How Do Other Countries Approach Data Privacy? 


  • Europe: The EU Charter of Fundamental Rights assures EU citizens the right to data protection. The bloc’s General Data Protection Regulation (GDPR), passed in May of 2018, put stringent restrictions on commercial data collection. 
  • Canada: 28 federal, provincial, and territorial laws govern consumer data privacy; DLA Piper ranks the country’s data protection legislation as heavy, in comparison to Russia (medium) and India (limited). 
  • The United States: As usual, the States doesn’t have a single comprehensive federal law for data privacy. Instead, its lawmakers have passed hundreds of local and state acts, many of which are seen by the Federal Trade Commission (FTC)


China, in contrast, thinks data should be a national asset and has written data collection into its five-year plan. Although its new legislation will help curtail private access to consumer data, the government may be the final beneficiary. 

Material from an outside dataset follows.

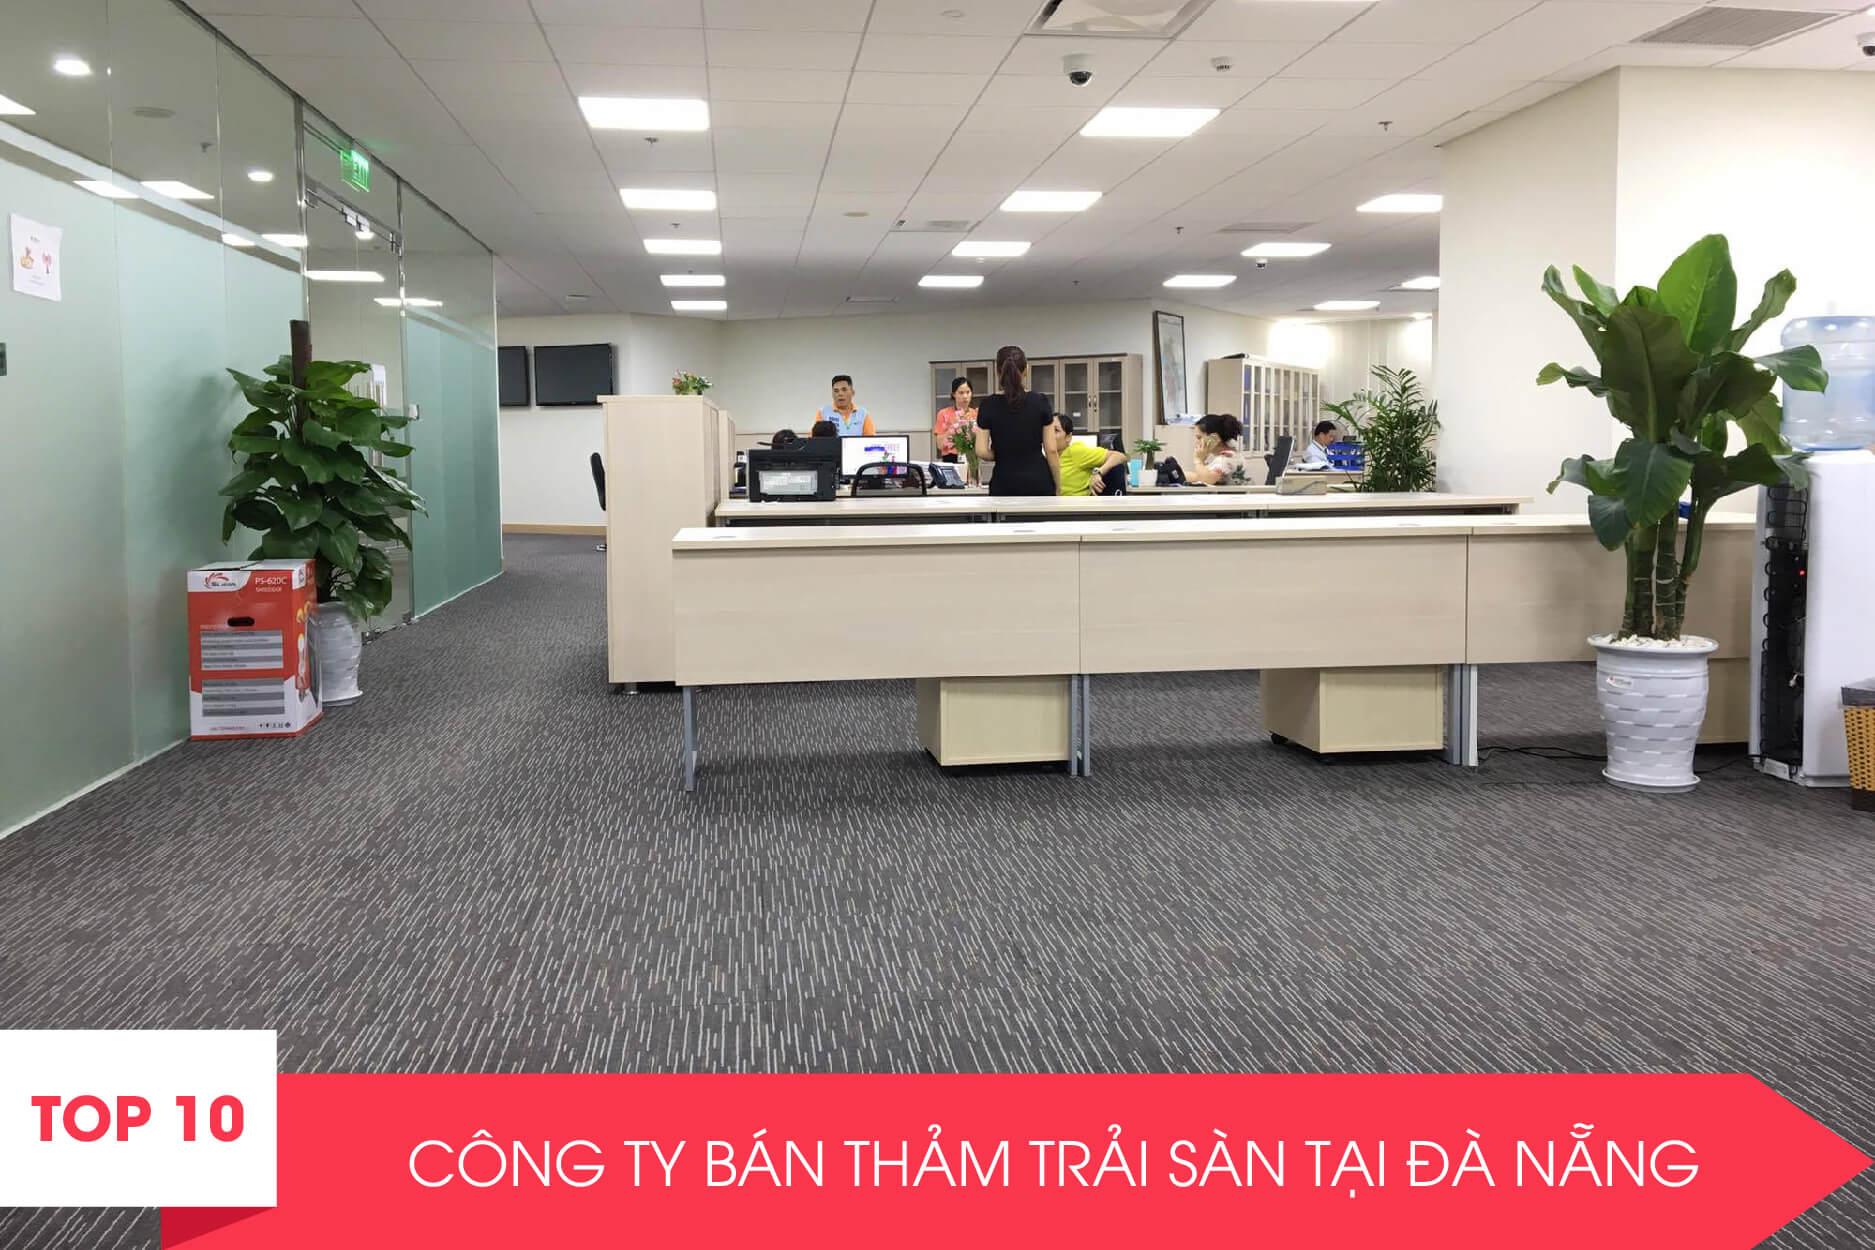 tham-trai-san-da-nang-04
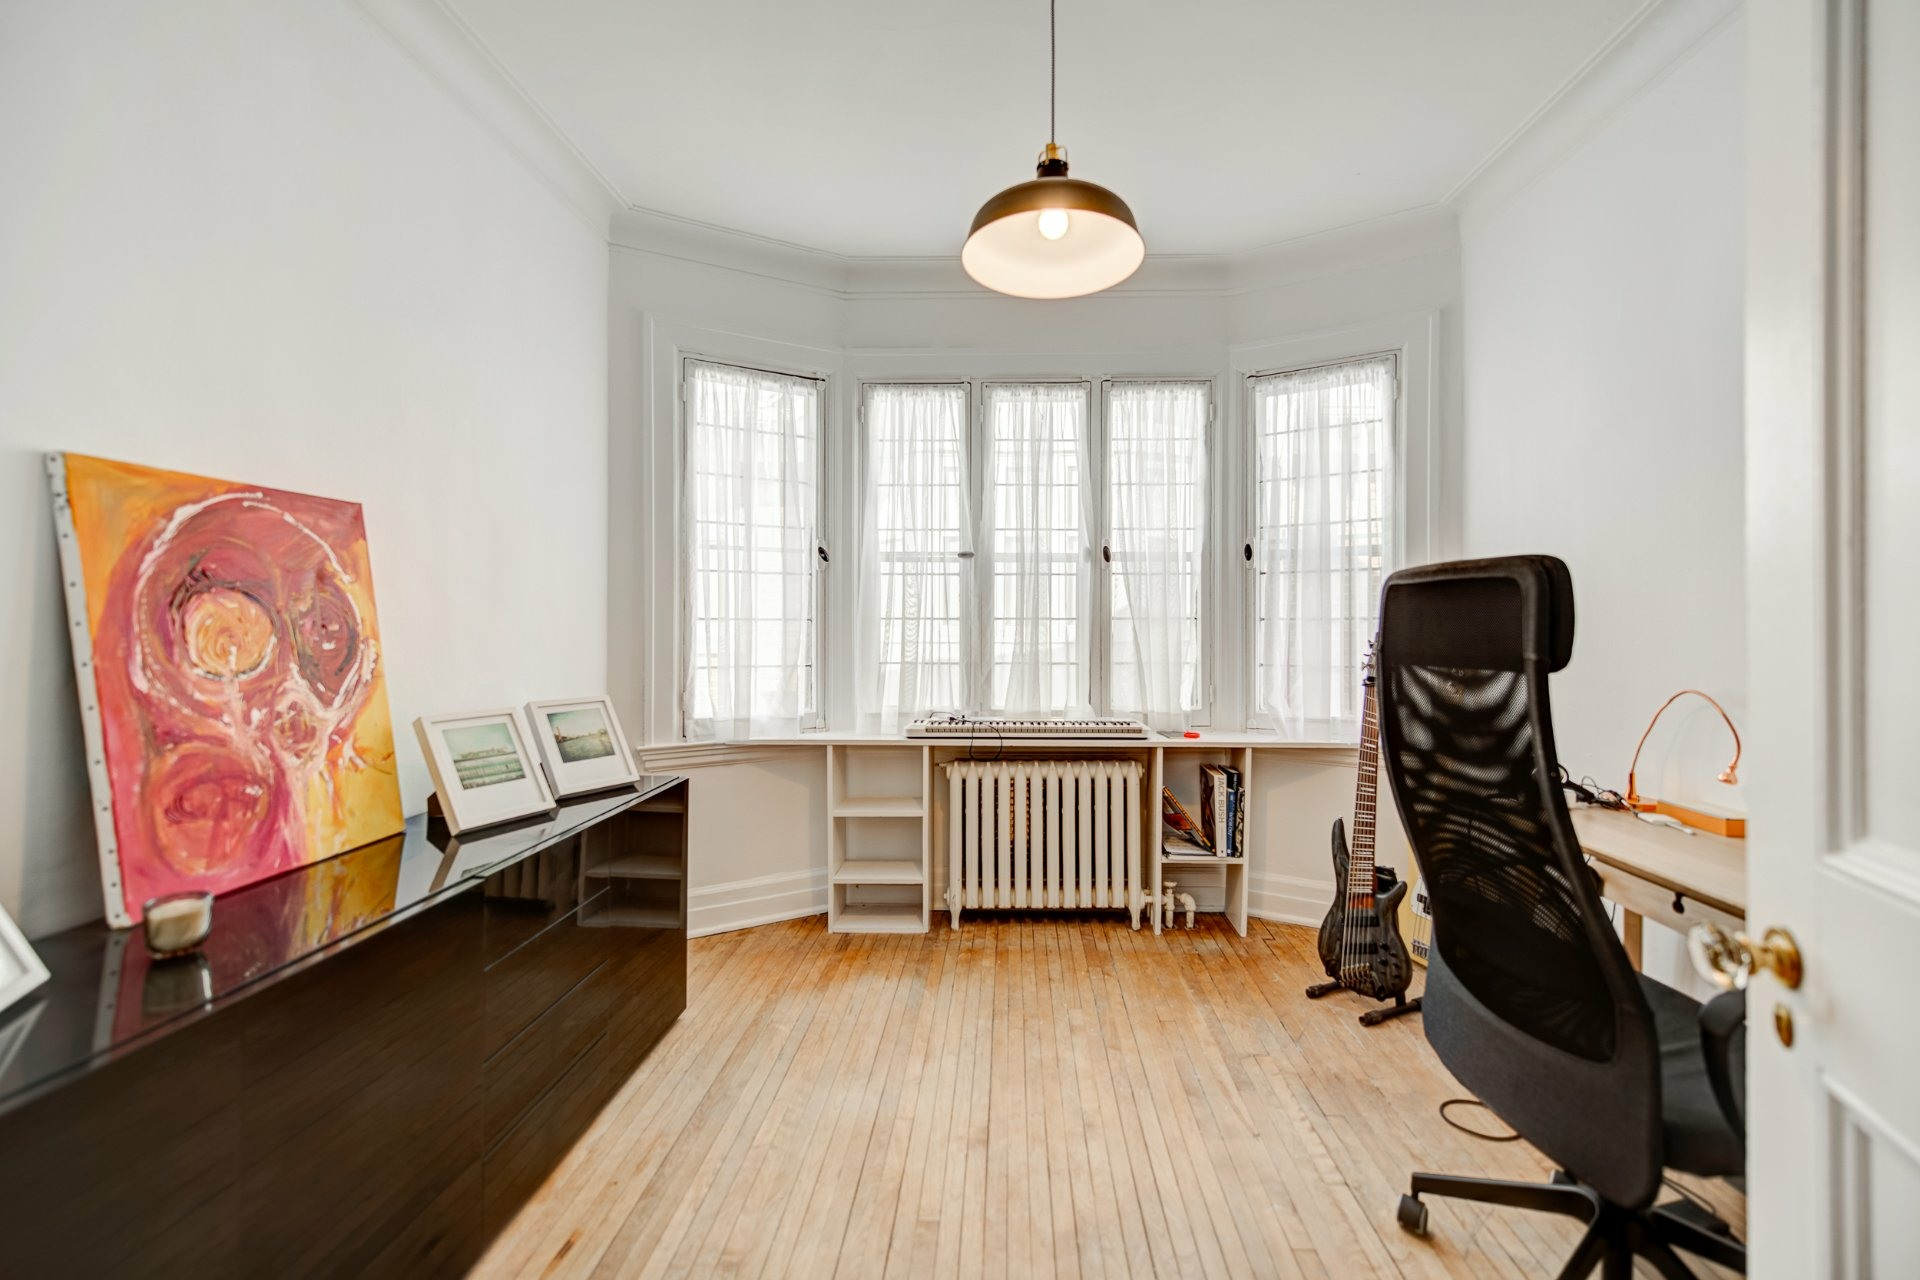 image 25 - House For sale Côte-des-Neiges/Notre-Dame-de-Grâce Montréal  - 10 rooms

What Will China Do With the Data? 

According to advisors, consumer data can mitigate financial crises and viral outbreaks. It can protect the interest of national security—no surprise—and help the government with criminal surveillance. Right now, Chinese regulators have summoned 13 major tech firms, including Tencent,, Meituan, and ByteDance, to meet with China’s central bank. Communist Party Chief President Xi Jinping can shut down any companies found violating the new privacy laws, as well as hit them with a fine of up to 10 million yuan—US$1.6mn


How Will Laws Affect Foreign Firms? 

Now, foreign firms must store data on Chinese soil, a practice that many companies protest will infringe on their proprietary data. So far, Tesla will comply: in late May, the electric car manufacturer promised to build more Chinese factories and keep the resulting information within Chinese borders. In fact, businesses hoping to start China-based businesses—such as Citigroup and BlackRock—will have to comply with the “data-localisation laws”. 


The Chinese government has framed data as a critical source of intelligence for the party and central government. “You have the most sufficient data, then you can make the most objective and accurate analyses”, Mr Xi told Tencent’s founder, Mr Ma. “The...suggestions to the government in this regard are very valuable”. 


Greater digital control is coming, that’s for sure. Mr Xi has named big data as an essential part of China’s economy, right up there with land and labour. “Whoever controls data will have the initiative”.